▸ Directions:
Please restate each line of the data below exactly. Omit all images.

▸ Information supplied:
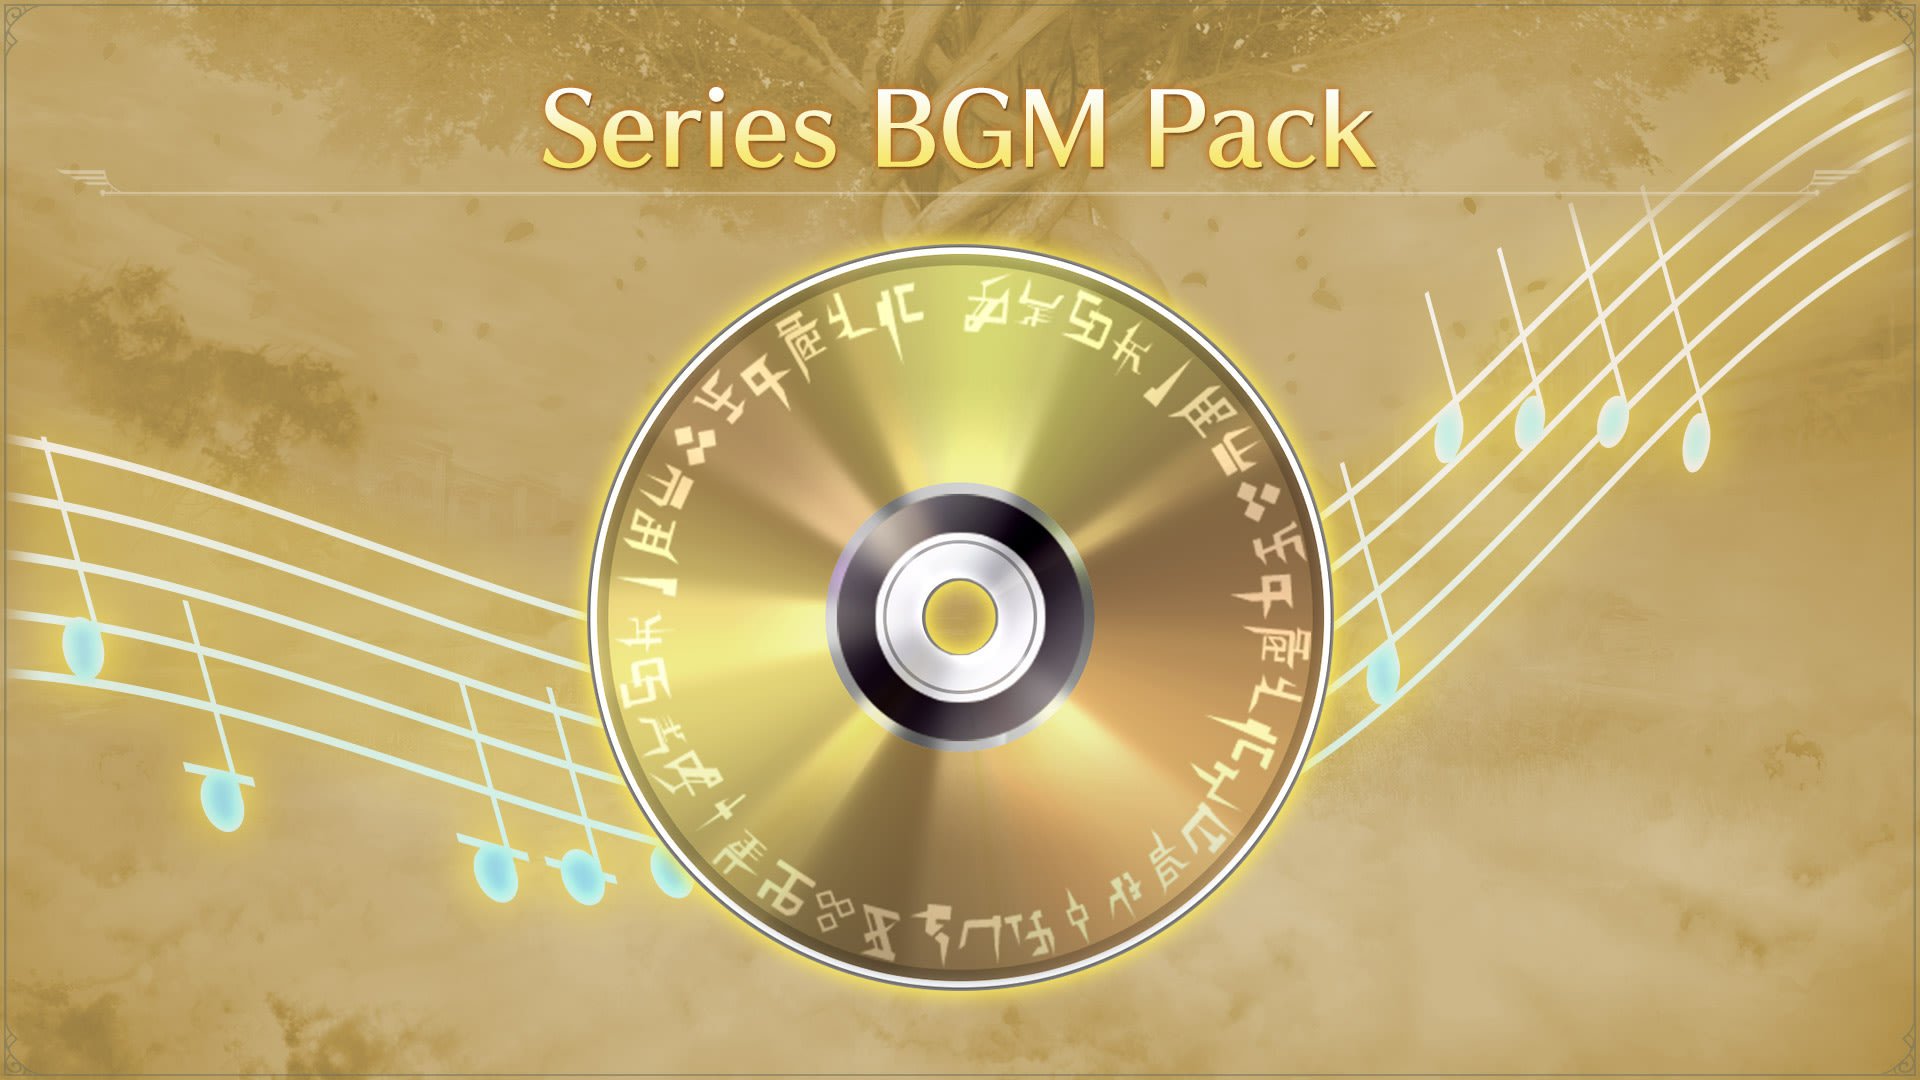 Series BGM Pack
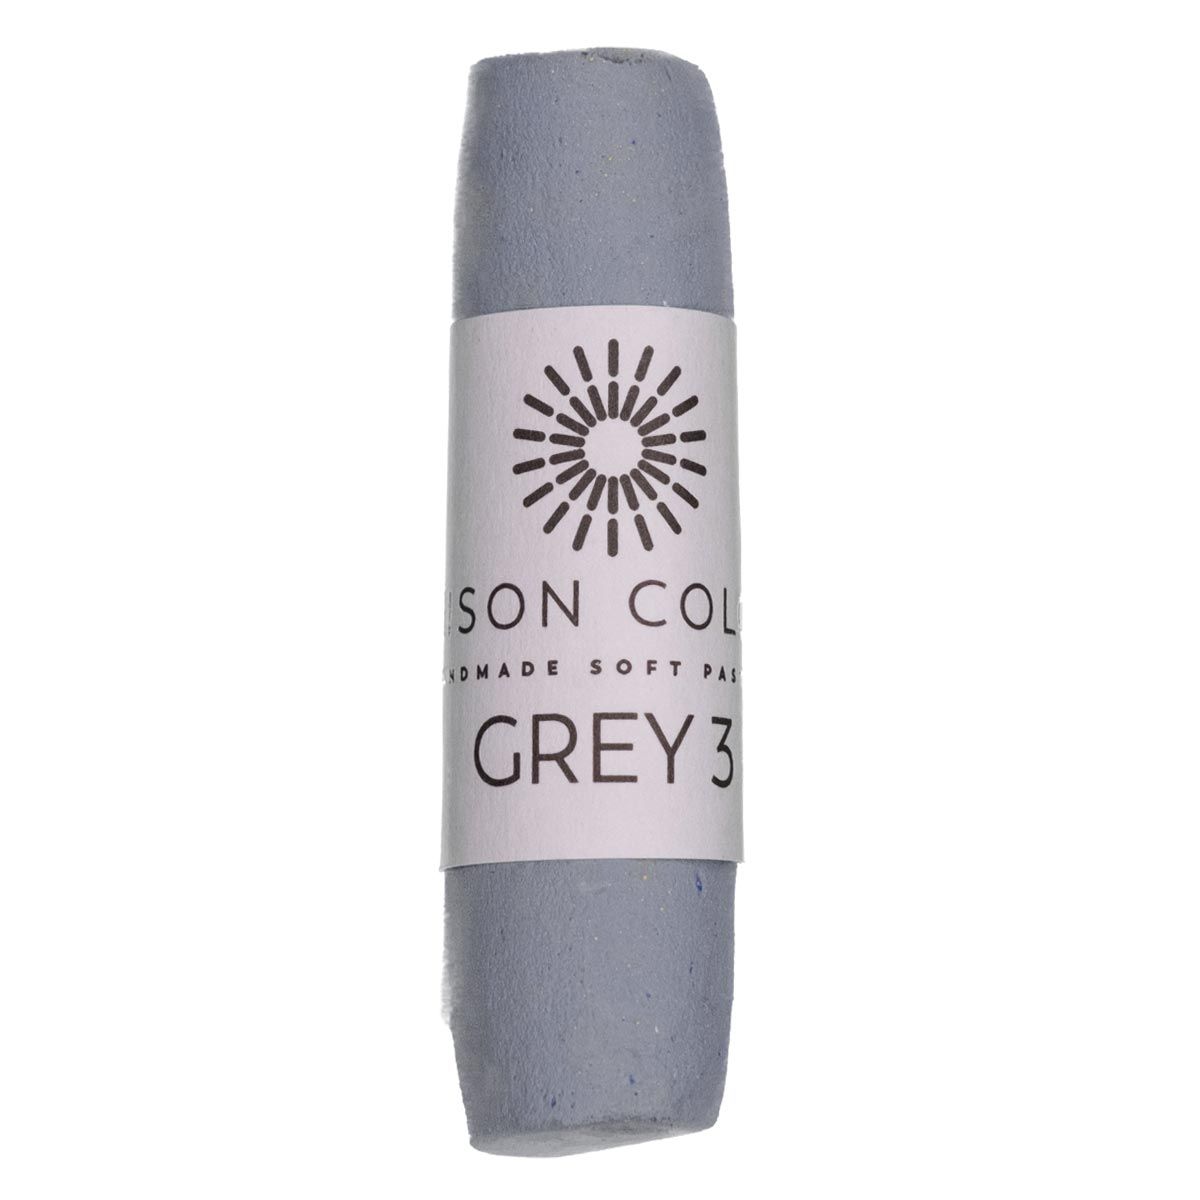 Unison Pastel - Grey 3
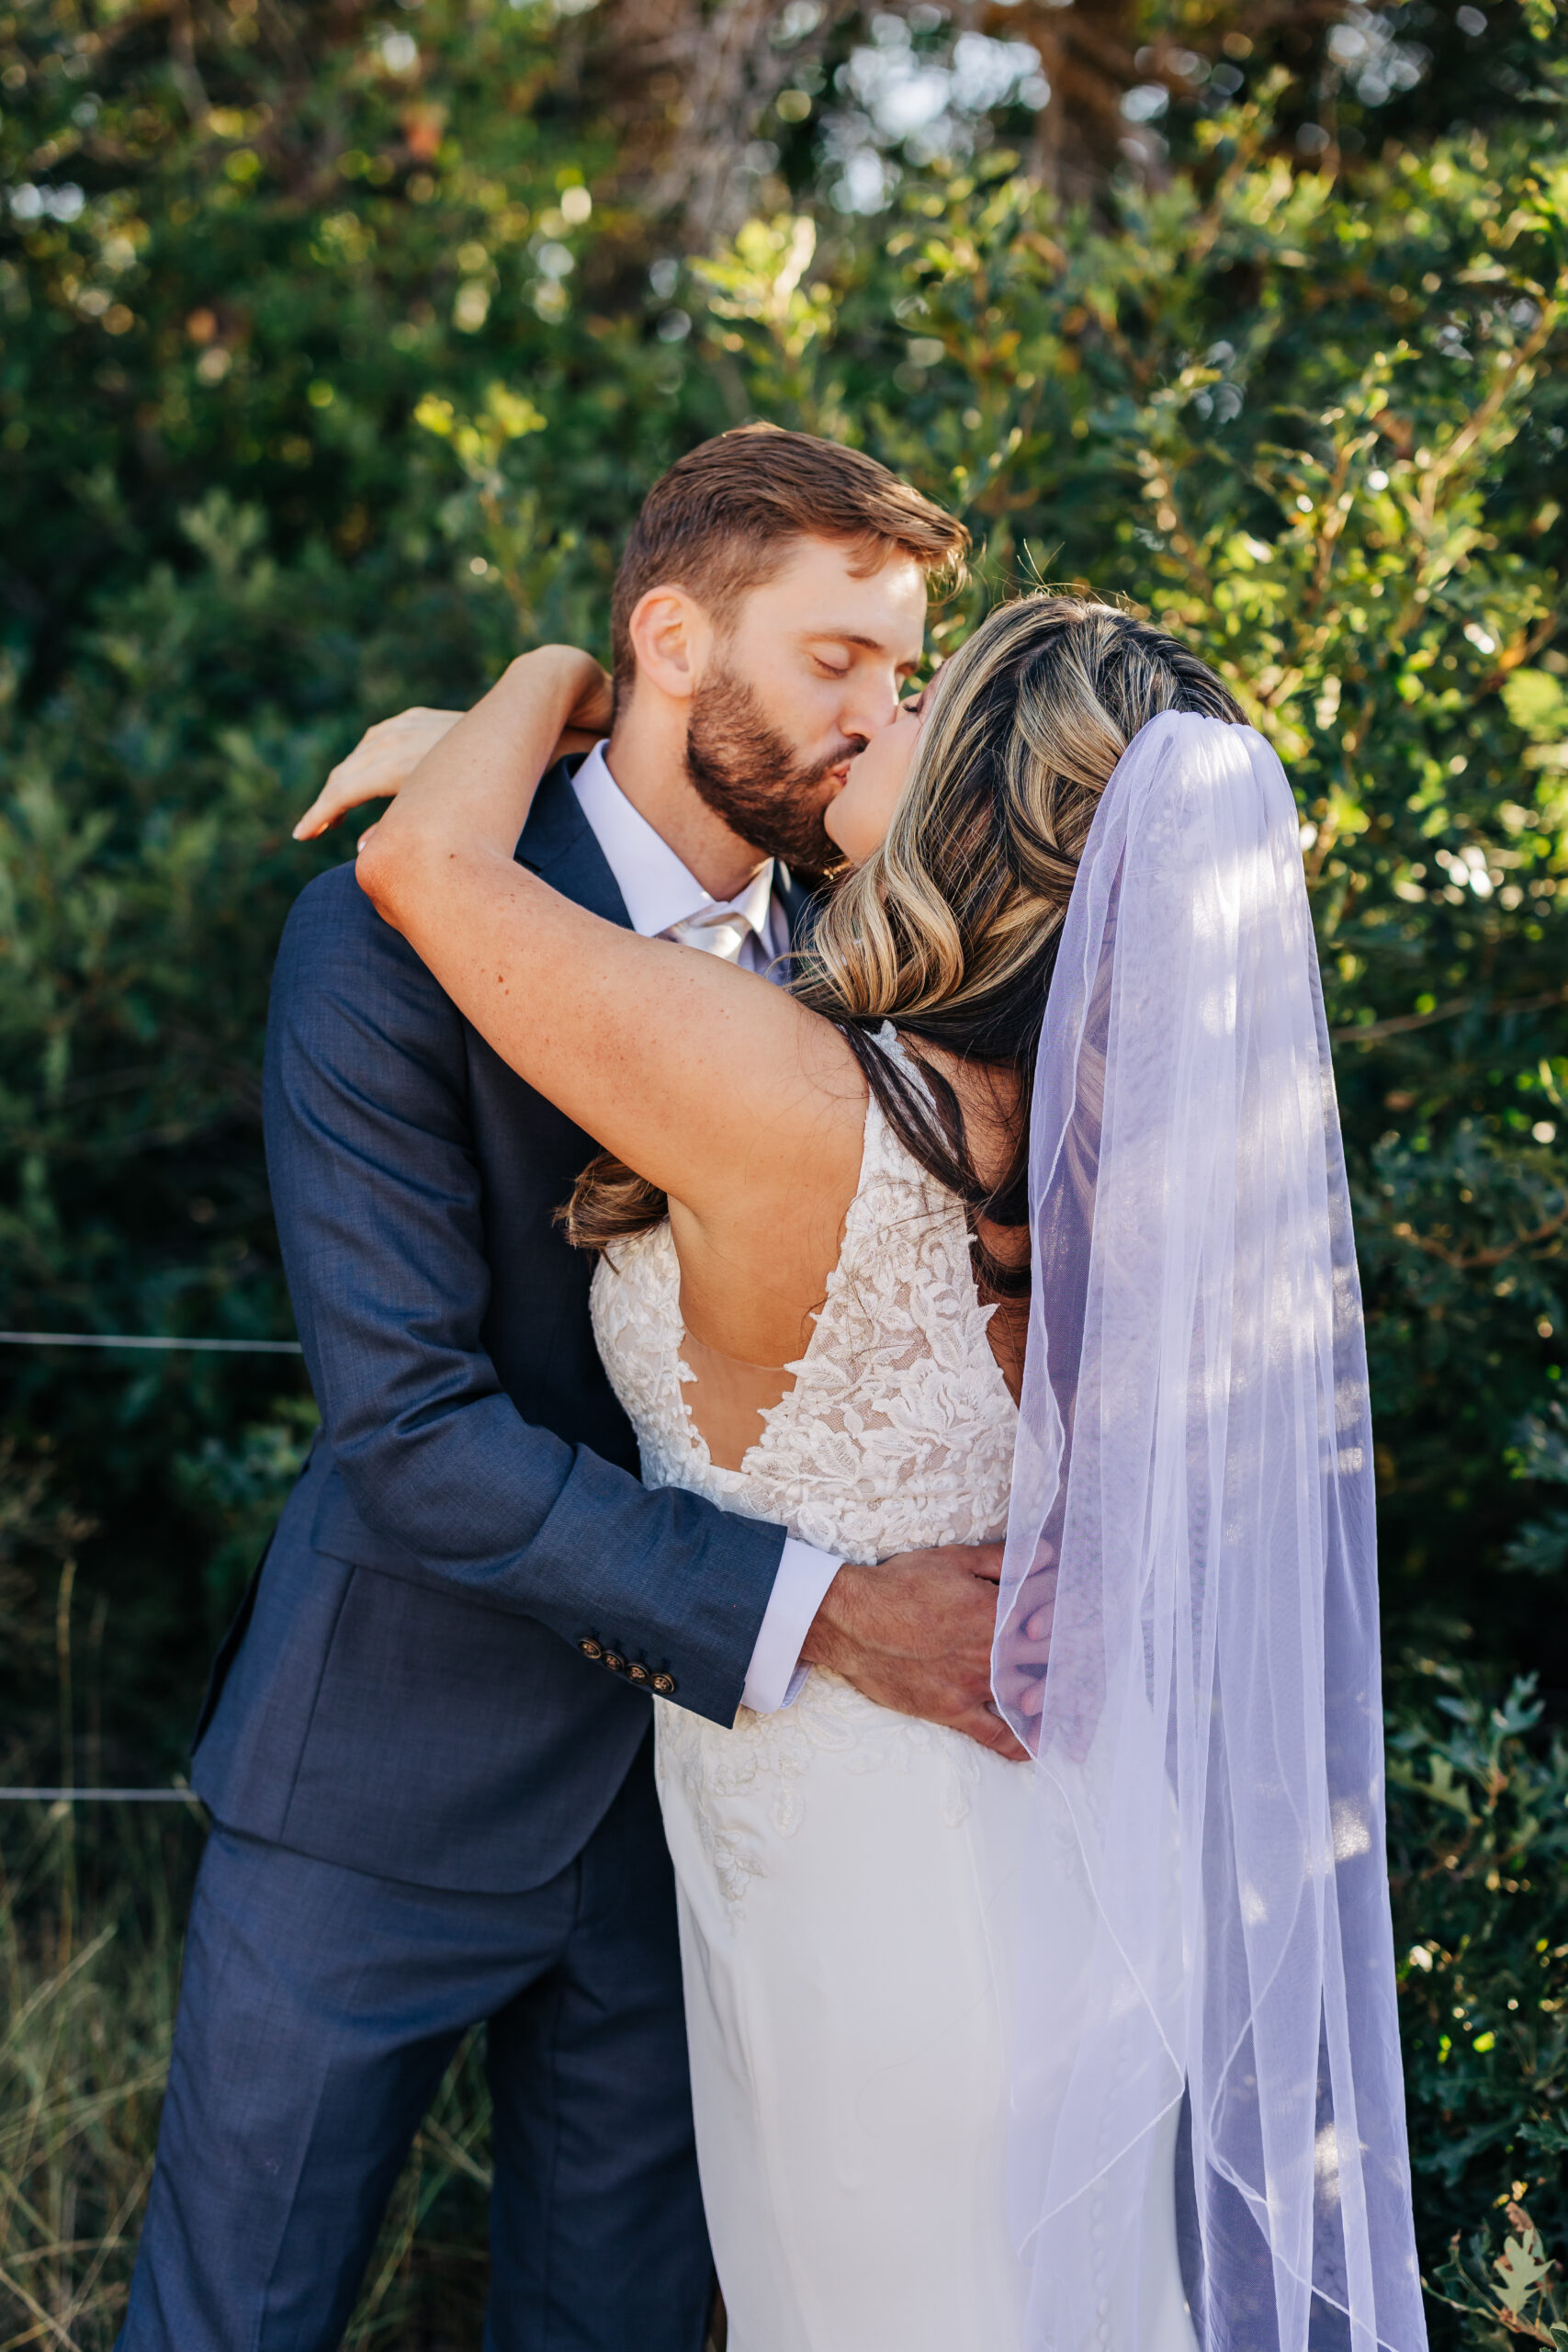 Denver Elopement Photographer captures bride and groom embracing while bride kisses groom

▸ Response below:
 Series BGM Pack
 Unison Pastel - Grey 3
 Denver Elopement Photographer captures bride and groom embracing while bride kisses groom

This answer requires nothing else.